_Instructions for the task_
Only some lines are wanted. Transcribe, exactly, the lines below from the line with "Чехол для гладильной доски Valiant" up to and including the line with "estrada sinuosa de asfalto de montanha foto".

_Exercise inputs_
------------------------------

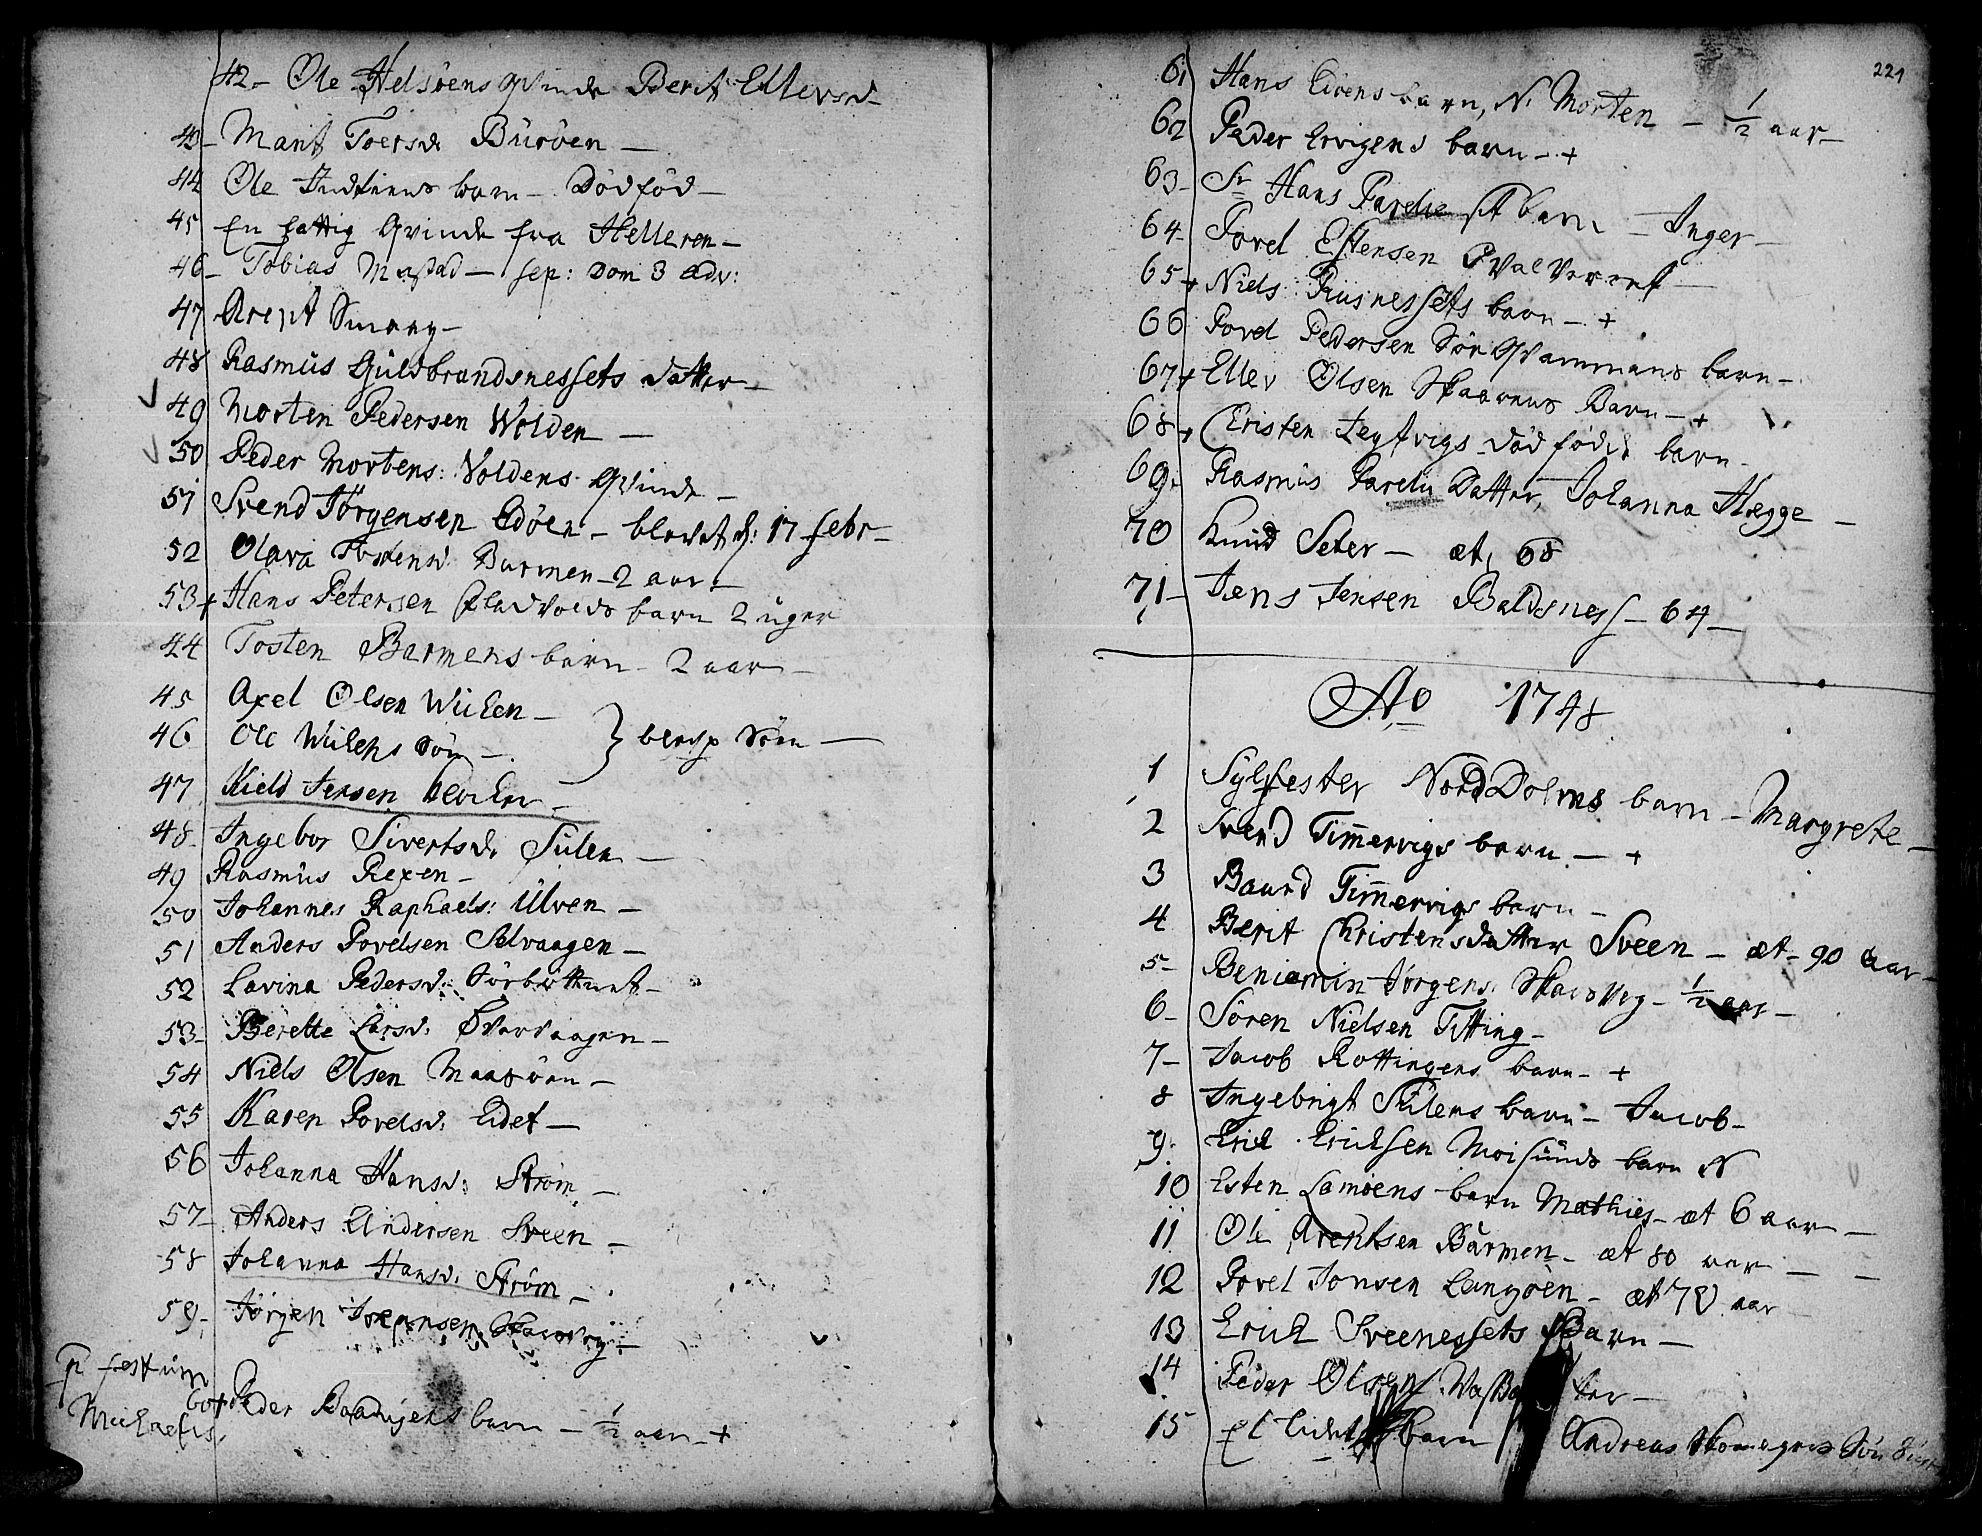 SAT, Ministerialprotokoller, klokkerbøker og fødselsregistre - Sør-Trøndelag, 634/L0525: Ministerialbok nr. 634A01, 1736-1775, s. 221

------------------------------

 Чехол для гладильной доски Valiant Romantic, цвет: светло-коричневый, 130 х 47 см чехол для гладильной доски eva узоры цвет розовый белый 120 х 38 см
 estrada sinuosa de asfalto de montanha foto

------------------------------

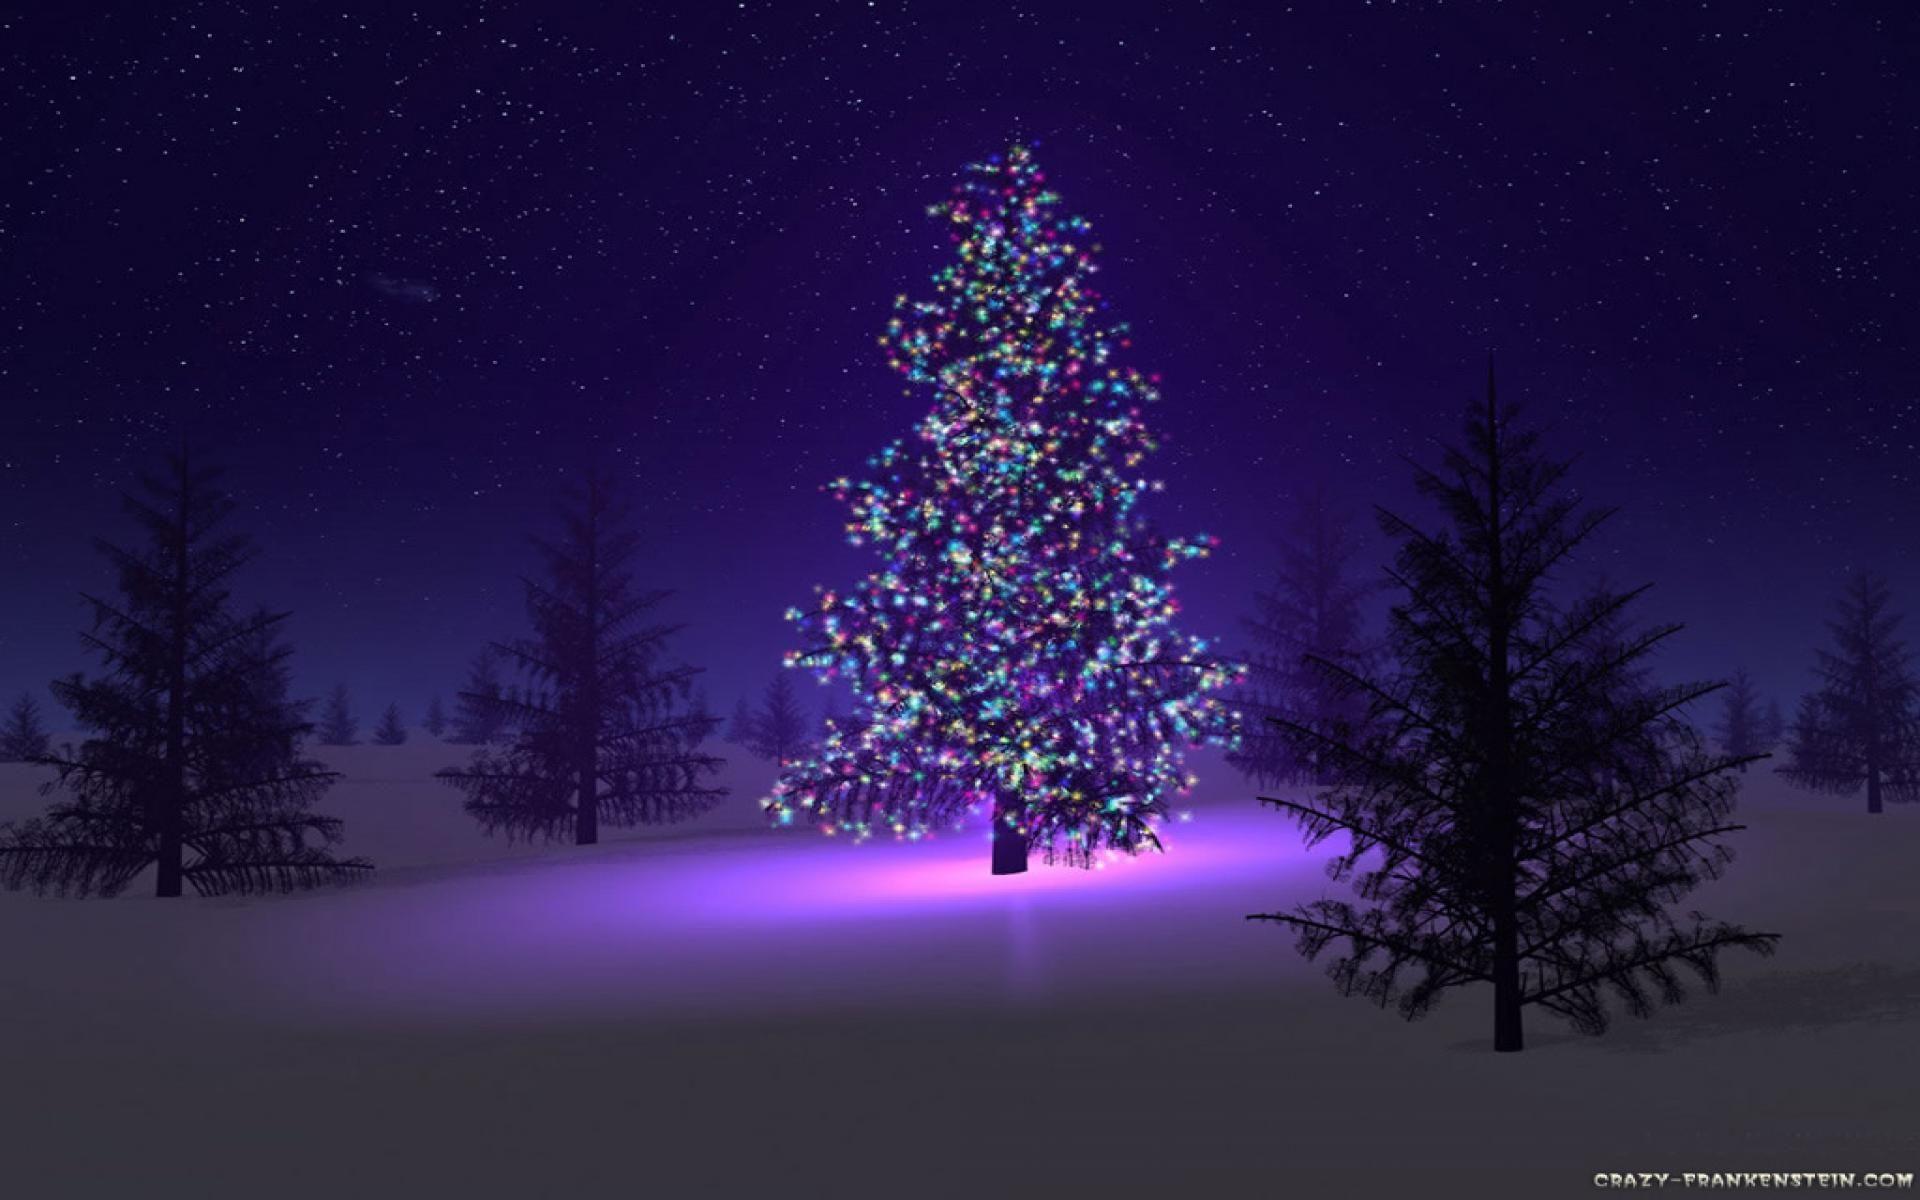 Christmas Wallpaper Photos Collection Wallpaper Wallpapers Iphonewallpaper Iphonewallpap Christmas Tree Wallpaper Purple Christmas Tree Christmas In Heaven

------------------------------

_Answer section_
 Чехол для гладильной доски Valiant Romantic, цвет: светло-коричневый, 130 х 47 см чехол для гладильной доски eva узоры цвет розовый белый 120 х 38 см
 estrada sinuosa de asfalto de montanha foto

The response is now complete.